One of the things that seems to be missing is the way BLO is reapplied. Often at first and then less often over time. Eventually (sometimes years and after many reapplications) the wood will saturate and end up very dense and hard. This is it's main benifit. Try to reapply a polyurithane? You first have to get rid of the old stuff with a paint thinner or sanding. With BLO and other oils just wipe some more on. Obviously some woods work better with this finish than others. Crickerters will apply and reapply linseed oil to very high grade English Willow cricket bats and can take a year befor using them! I made a bokken from a plum tree branch which was let to dry from green wood for over a year then over the next year I applied many coats of BLO letting cure off for at least a week or two in between. When I finally took it to the dojo it was immeadiatly banned after utterly destroying several high quality japanese oak bokkens!
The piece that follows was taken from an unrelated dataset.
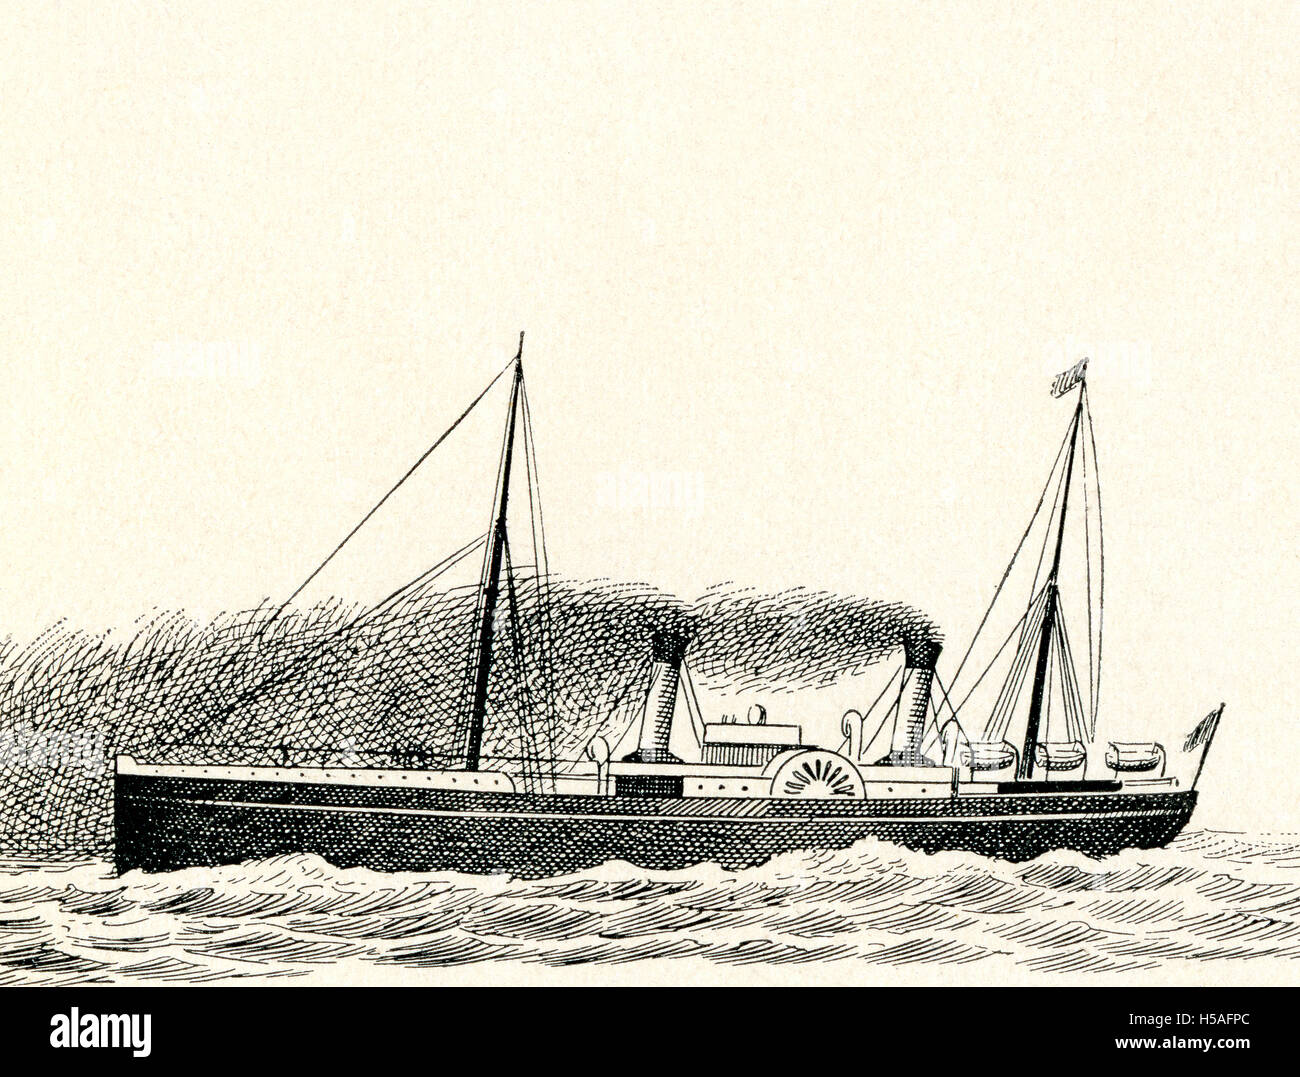 A 19th century paddle steamer. Stock Photo

I think the cured oil binds the timbre fibres preventing splits etc...
Just my experience with the stuff.















You can see the waxy texture and the many bruses from full force contact with other bokkens but no splits...


----------



## rockscorpio125b

Hi everyone, instead of using linseed oil Which I havent at home I tried sunflower oil . But 2 weeks after the removal from bath it´s still soaked with oil is it normal?